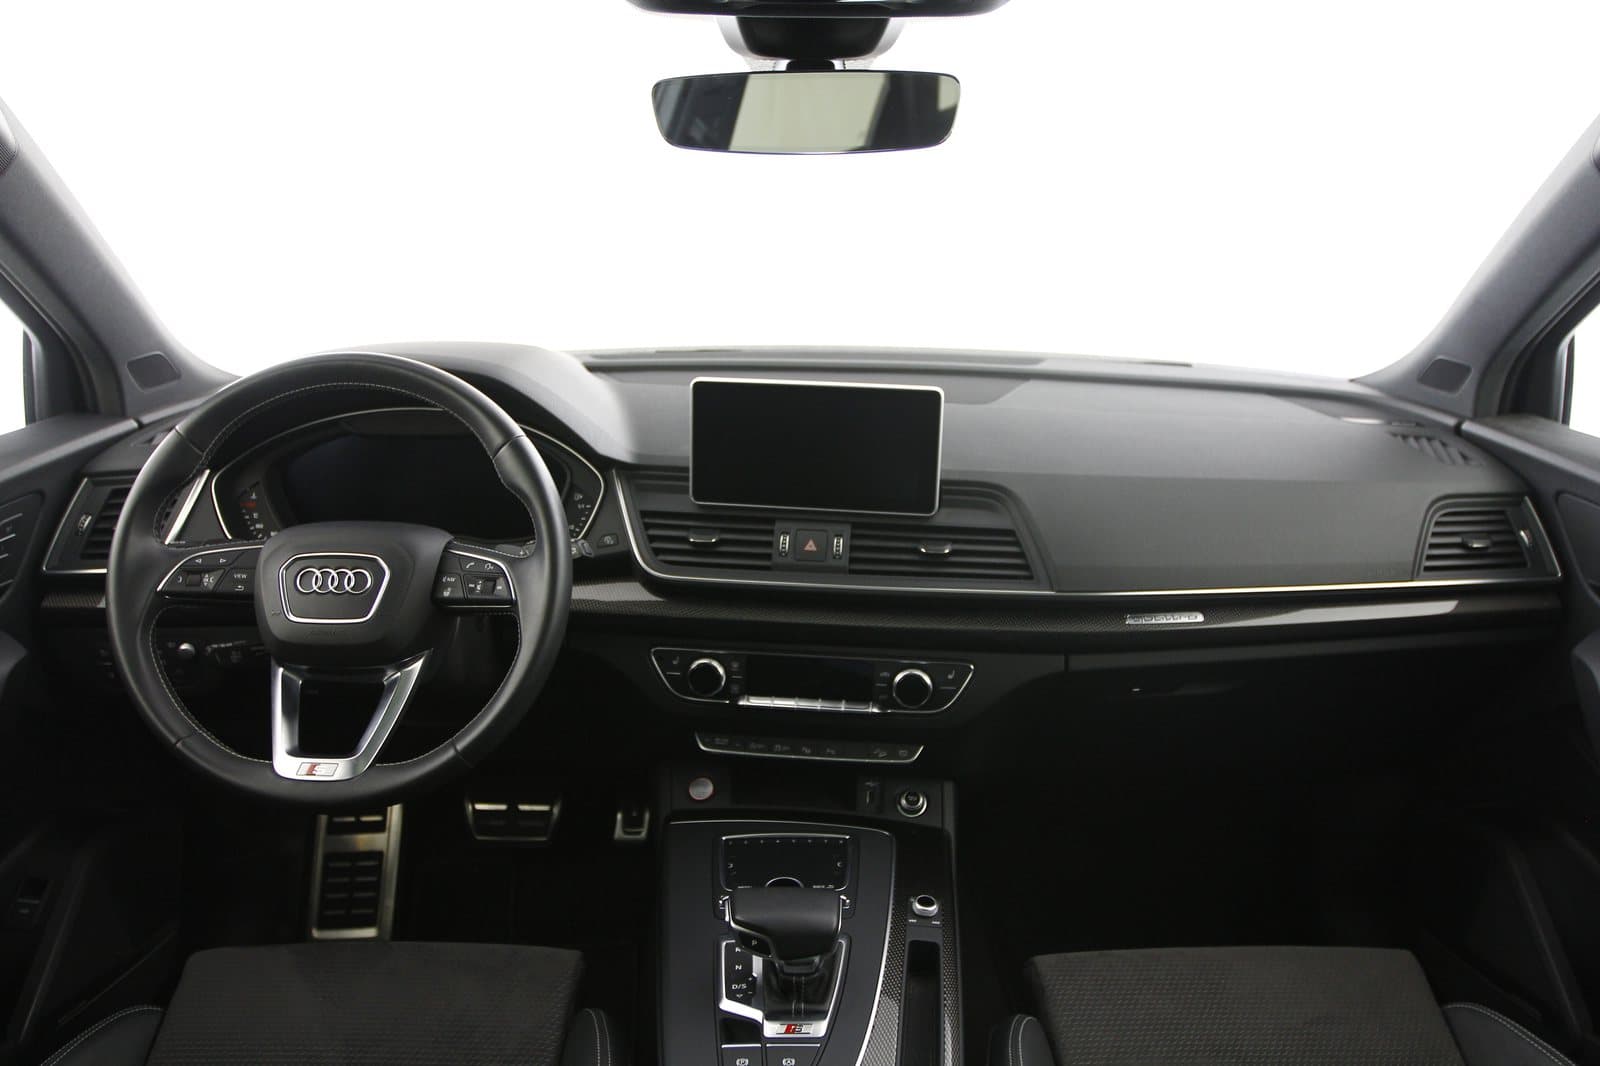 Audi - SQ5 3.0 TFSI quattro - 2190467 - Teaser - Interieur (1).JPG
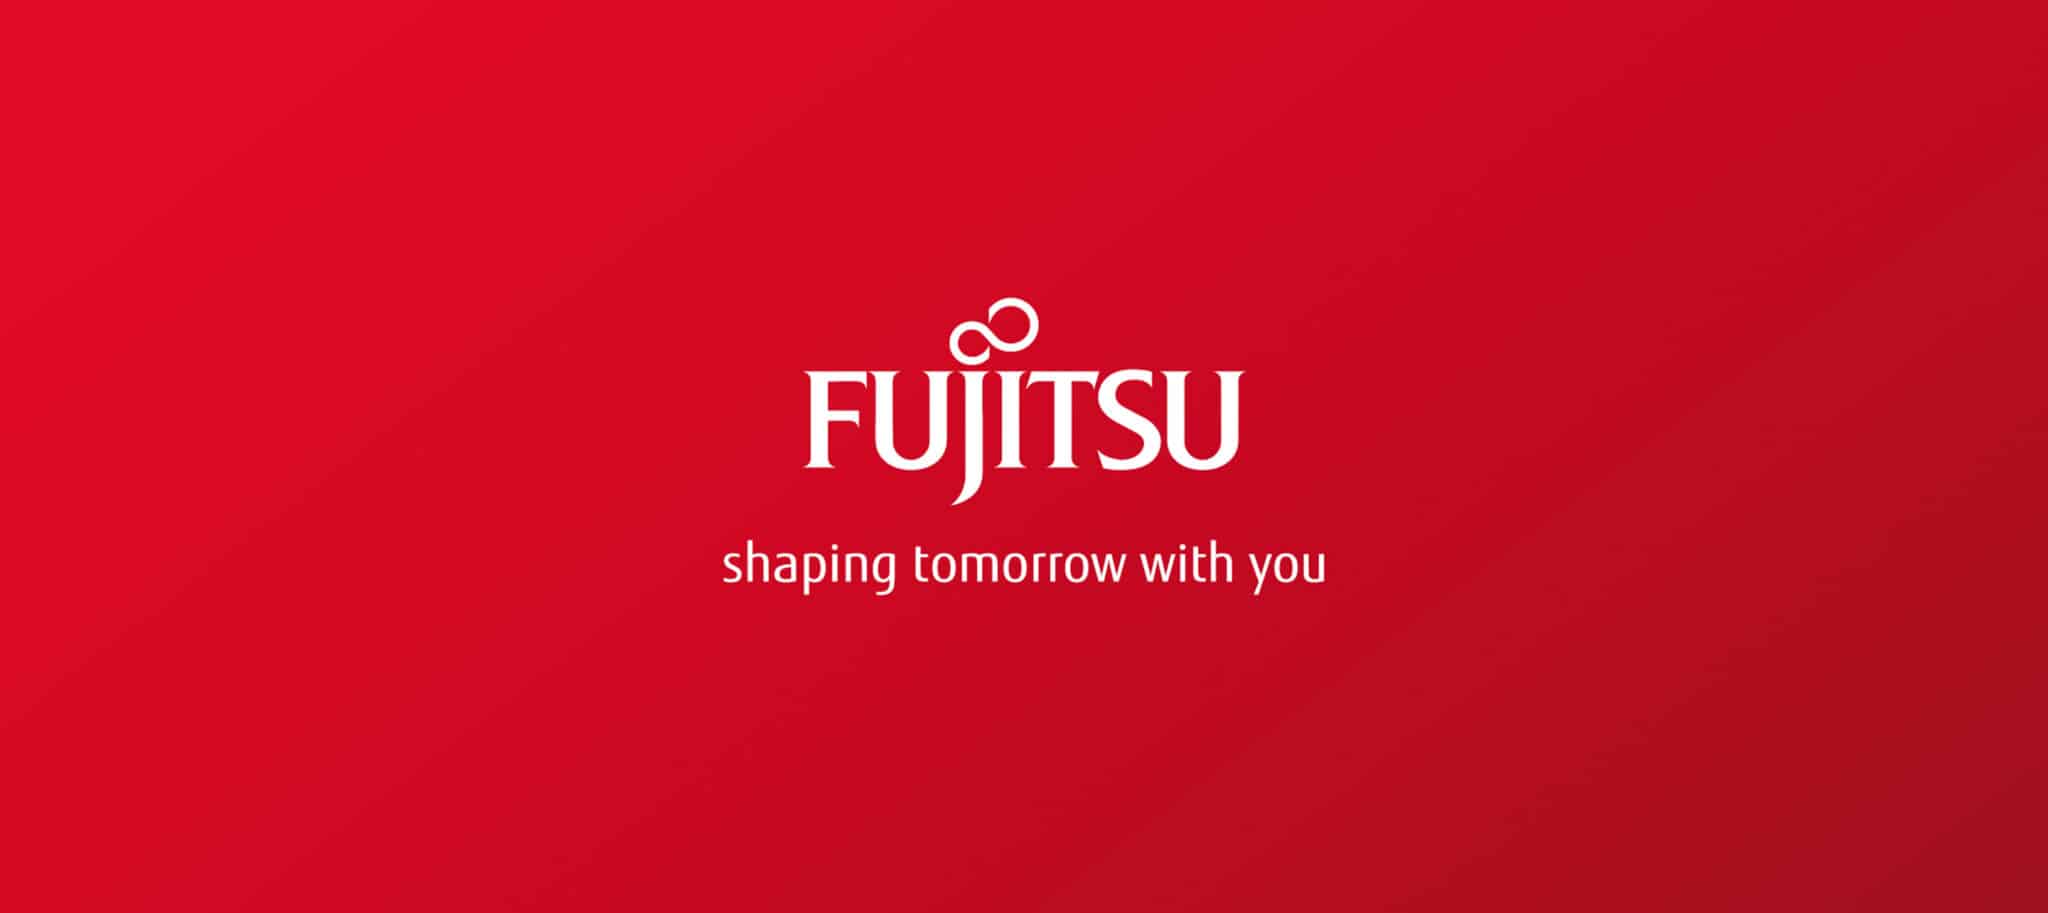 فوجيتسو تعرض تقنيات لتعزيز التحول الرقمي في المنطقة خلال جيتكس 2018
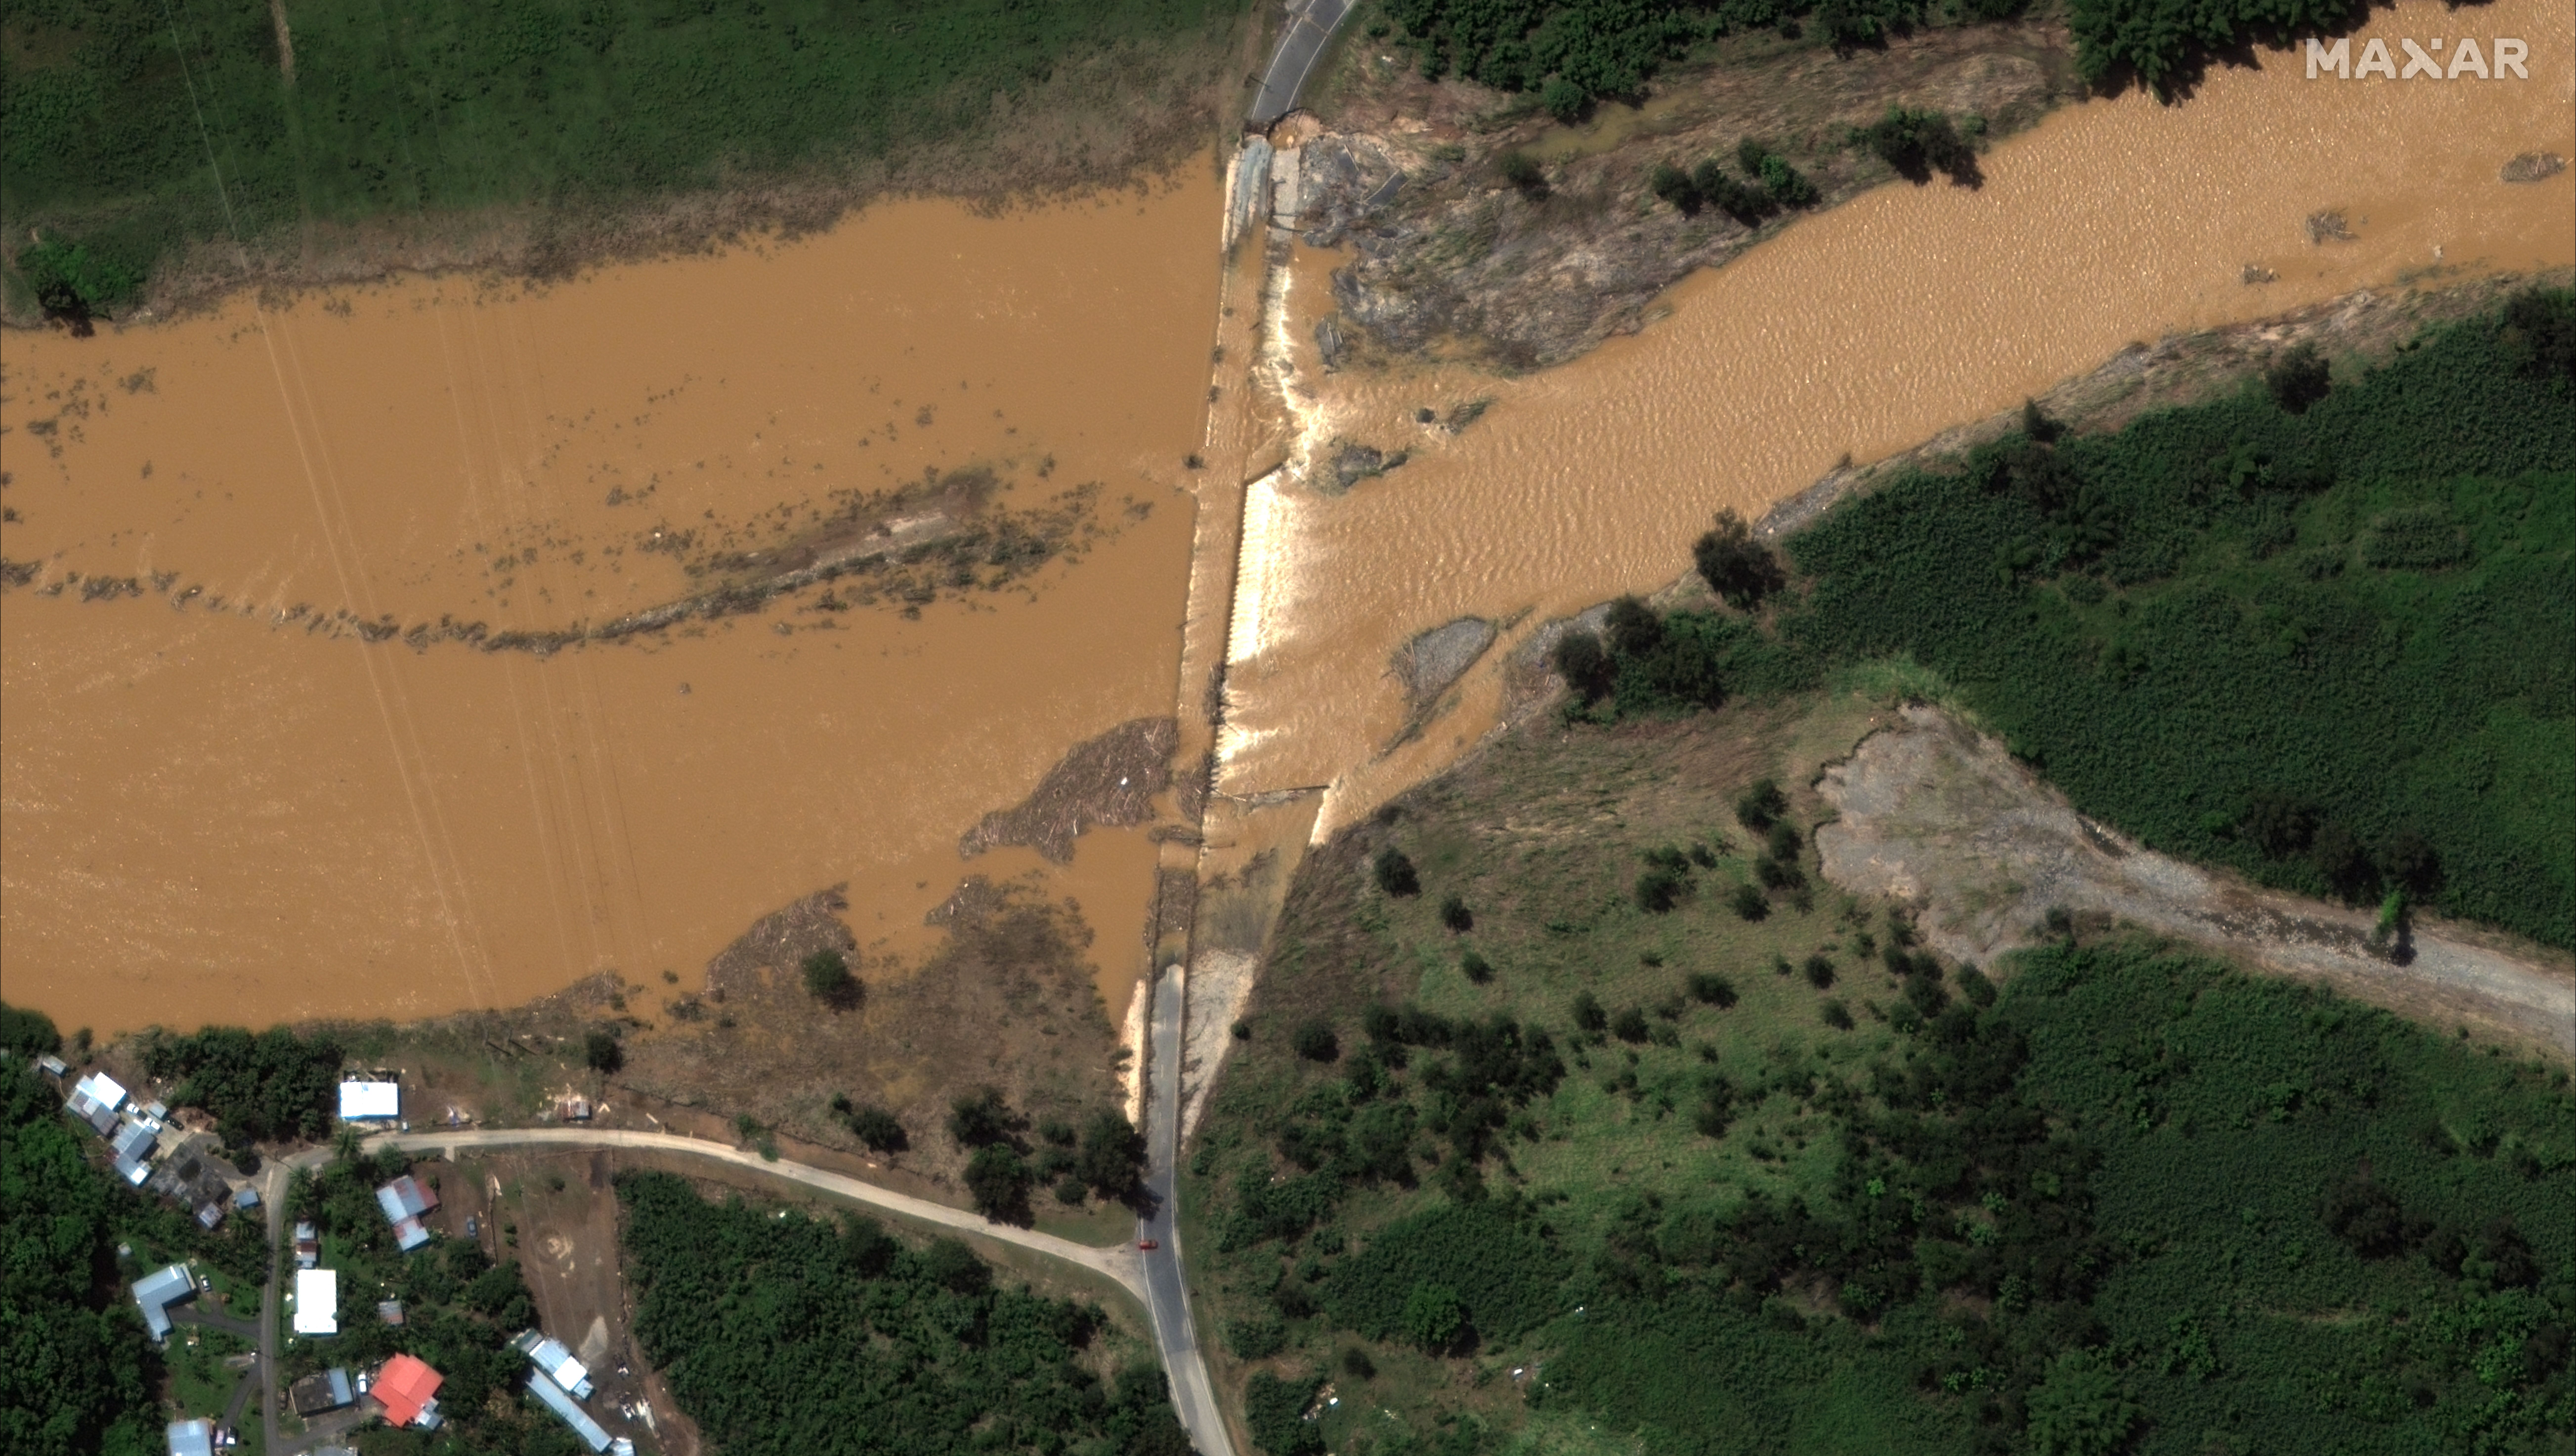 The remains of a bridge in Rio Grande de Arecibo, Puerto Rico, after Hurricane Fiona swept through.

Exercise brief:
Write out the whole listing exactly. Pictures stay out.

Reply to the task:
 Audi - SQ5 3.0 TFSI quattro - 2190467 - Teaser - Interieur (1).JPG
 فوجيتسو تعرض تقنيات لتعزيز التحول الرقمي في المنطقة خلال جيتكس 2018
 The remains of a bridge in Rio Grande de Arecibo, Puerto Rico, after Hurricane Fiona swept through.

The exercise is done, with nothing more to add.